LT CHARLES P. MASON, JR., USN
Lucky Bag Yearbook
From the 1940 Lucky Bag:
CHARLES PERRY MASON, JR
Football 40, 4, 3; Lacrosse N*, 4, 3, 2, 1; Soccer Squad 2, 1; 1 Stripe.
Loss
Charlie was lost in an aircraft accident near Fallon, NV on September 11, 1944. (Information from the now-defunct Class of 1940 website.) His Helldiver bomber was on night exercises when it crashed near the mouth of Stillwater creek, 15 miles northeast of Fallon.
Other Information
From researcher Kathy Franz:
Charles attended Severn Preparatory School.
He married Cornelia Amoss Lee on July 1, 1942, in Sarasota, Florida. He was survived by his widow and their 10-month-old son Charles III.

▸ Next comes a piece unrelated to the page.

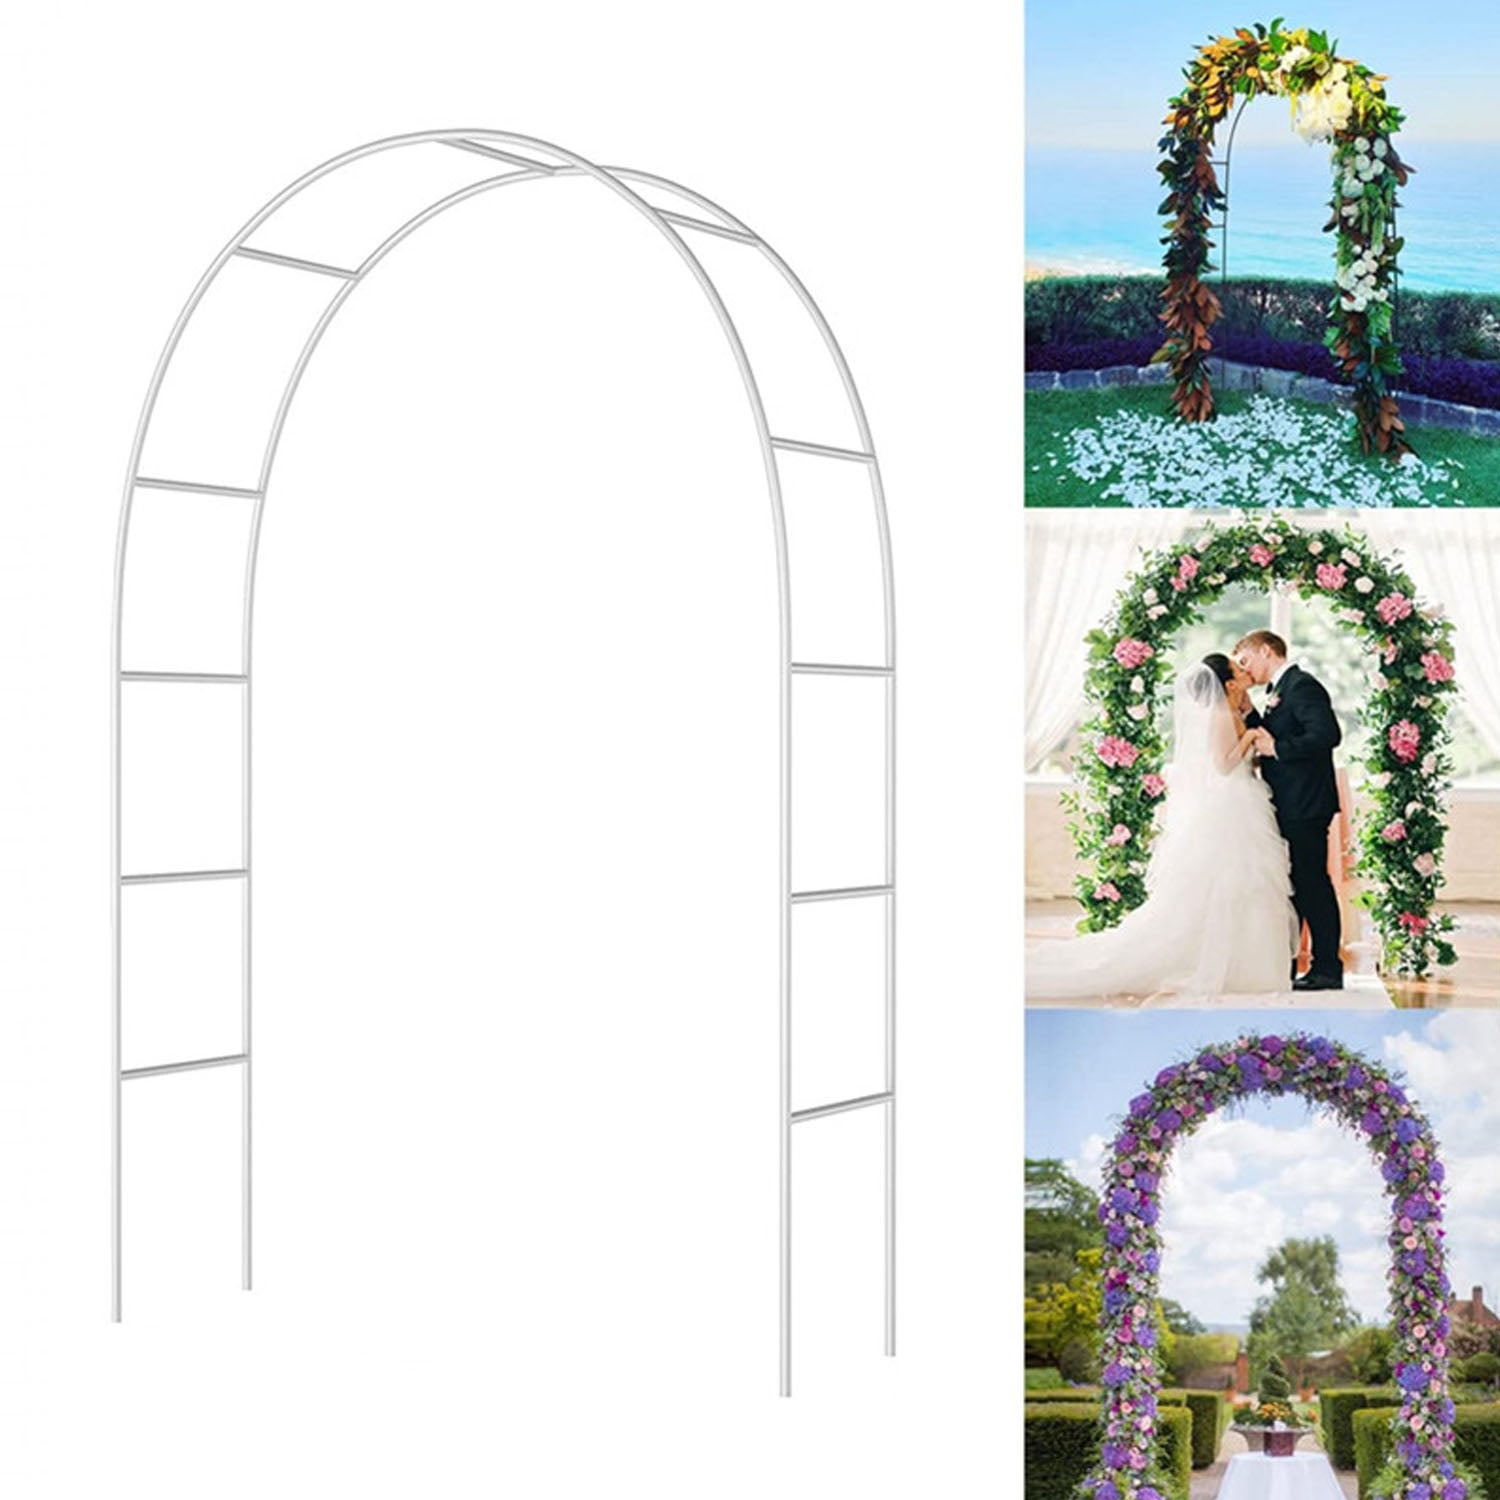 Pack of 3 7.5 Ft White Metal Arch Wedding Garden Bridal Party Decoration Arbor

Charles’ forefathers founded Newport, Pennsylvania. In December 1939, his grandmother Gertrude Rider Mason, wrote that he had an old map which showed how his ancestors gave plots of ground for the first school and post office.
From his grandfather’s Wikipedia entry:
He and his wife raised their grandson C. P. Mason III after his daughter in law was killed in a car crash. C. P. Mason III graduated from the U.S. Naval Academy and became a naval aviator.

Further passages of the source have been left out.